/dev/null 0
I haven’t paid much attention to the Hillary Clinton email scamdal because I knew from the git-go that it was yet another Republican lie in a long parade of lies about the Clintons, a parade reaching back to and beyond the Republican fever dream that the Clintons somehow murdered Vince Foster.
One does not have to be a fan of the Clintons to be disgusted by the Republican lies.
Now Cynthia Dill has sacrificed her time to plough through the bureacratise of the report on Hillary Clinton’s email scamdal so we don’t have to. Her findings come as no surprise. As with an email sent to /dev/null, there’s no there there.
Here’s a bit (emphasis added):
Clinton reasonably believed her private server was allowed because the bureaucrats in charge of security allowed it. This present-day conviction for violating rule 12 FAM 544.2 after the fact means nothing of any consequence. Nobody was hurt. No security was breached. Who cares?
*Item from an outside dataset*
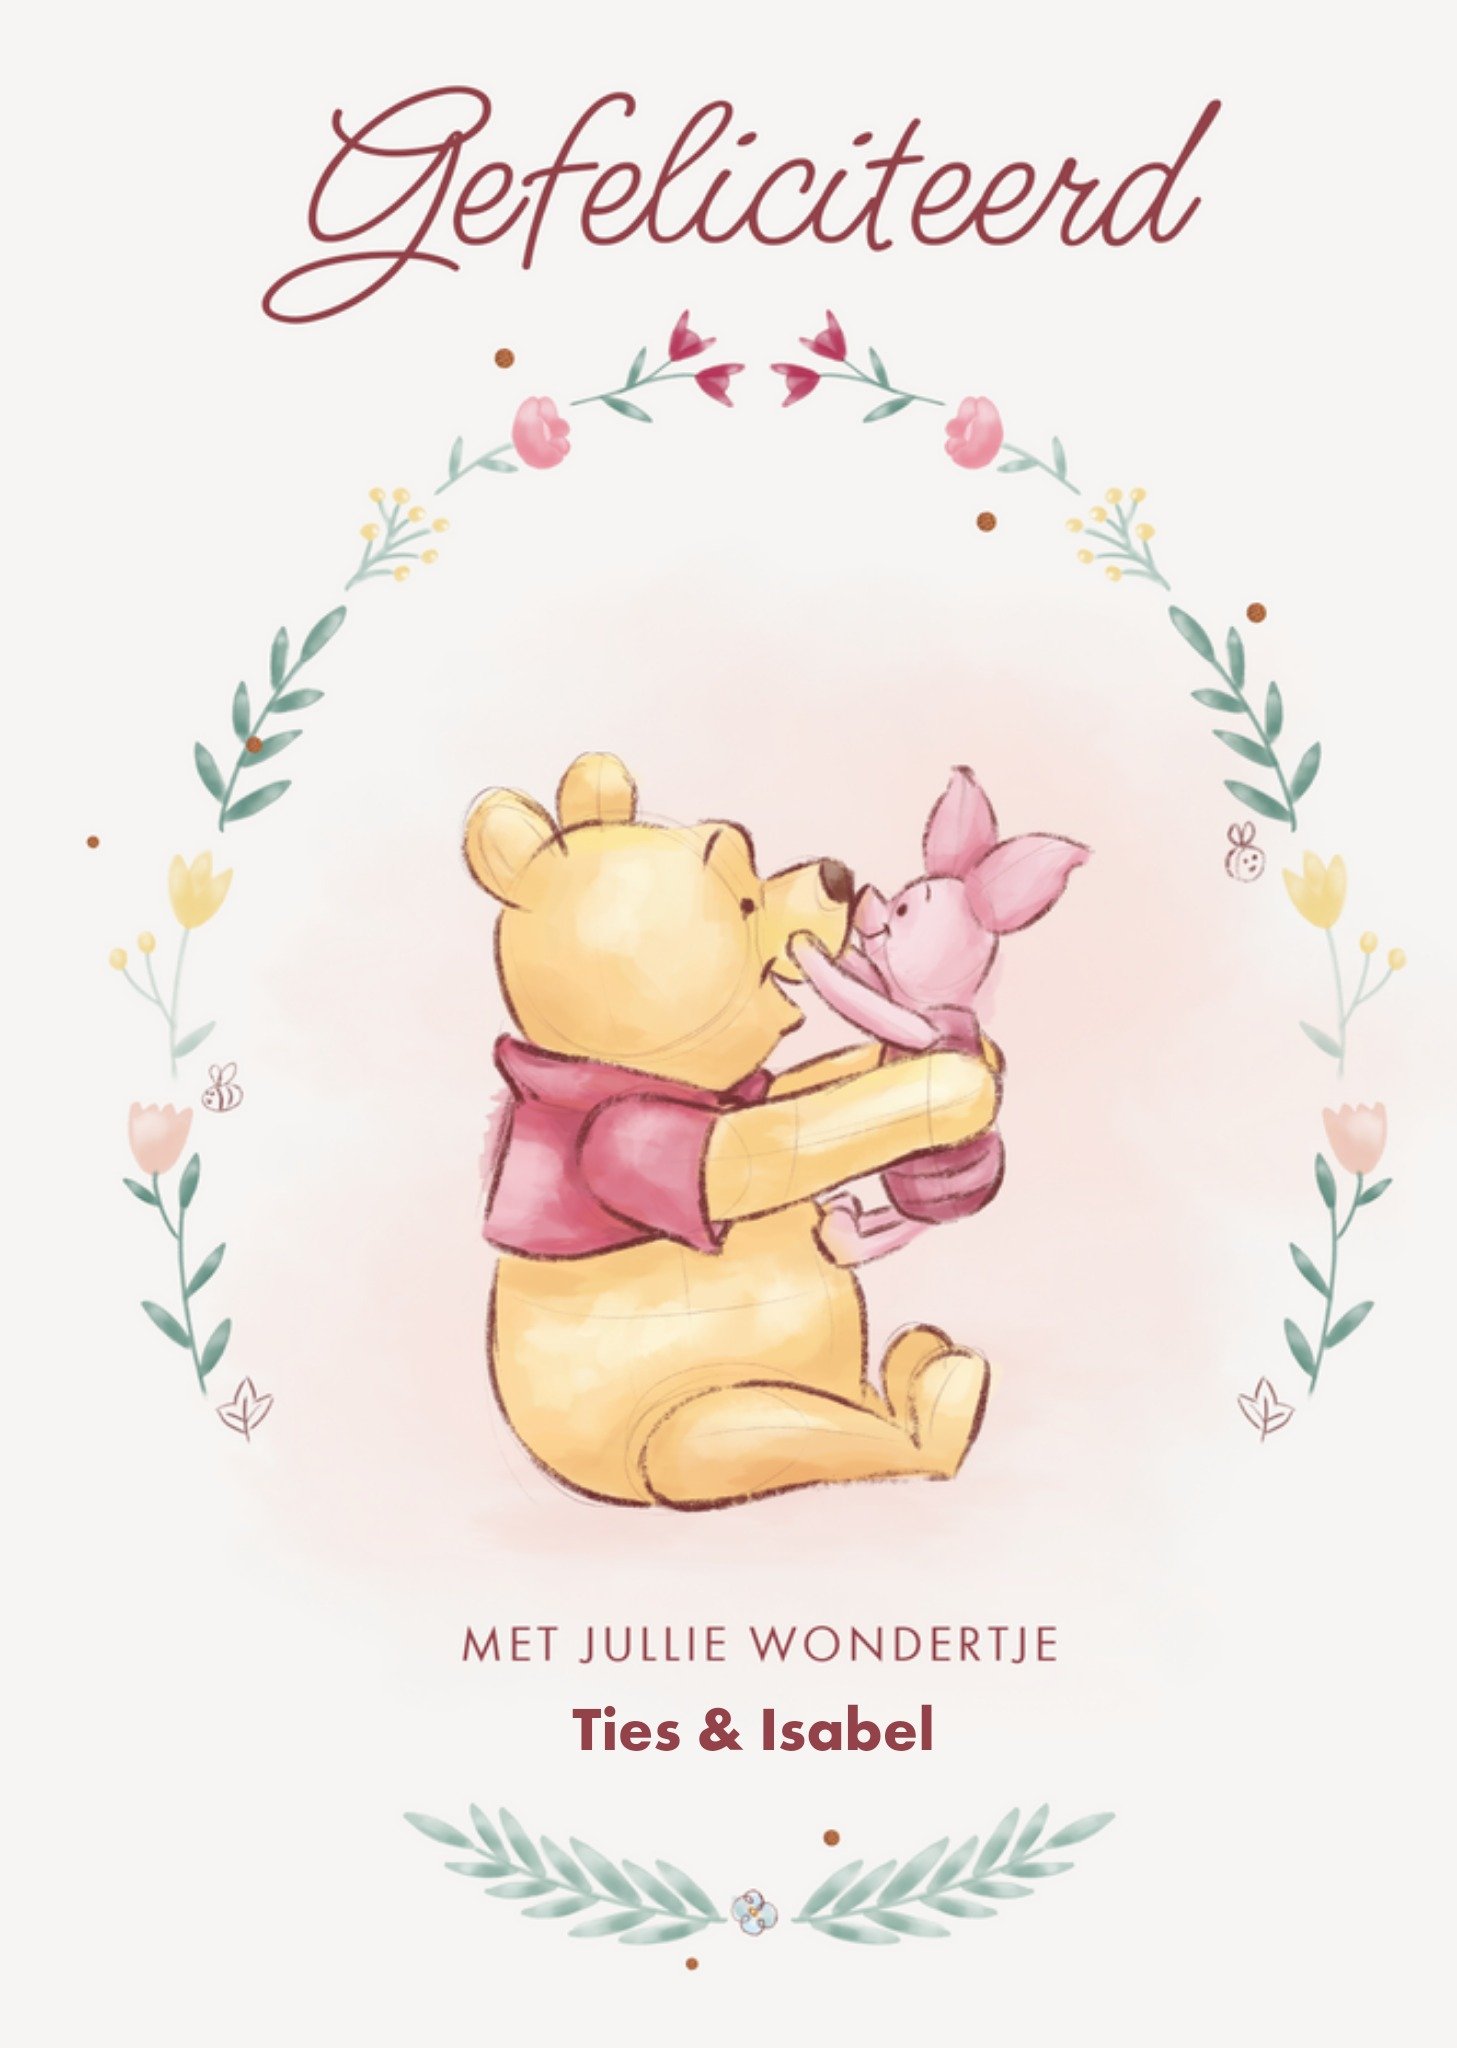 Disney - Geboortekaart - Winnie the Pooh - Pooh en Piglet

I think one reason that this particular scamdal has had some staying power is that, to most persons, an email server–hell, a computer–is a dark magic box, mysterious and alchemical.
An email server is, actually, nothing more than a program that relays mail from the persons who write it to the recipients over a network and from a network to the recipient(s).
You too can have your own email server, if you wish. I know folks who do. It’s a bit complex, but it’s not magic, it’s not alchemy, it’s not voodoo; it’s just a computer program. (If you think government servers are somehow magically more secure than other servers, think again. Governments don’t do security better than anyone else, except possibly Sony.)
(Be sure to check your ISP’s terms of service before setting up your own mail server; most US ISPs forbid public-facing servers–news, web, database, mail–unless you have a business-class account. That’s why I don’t run my own mail server–my ISP’s TOS forbid it for my level of account. Otherwise I’d set one up just to see whether I could make it work. I like crossword puzzles too.)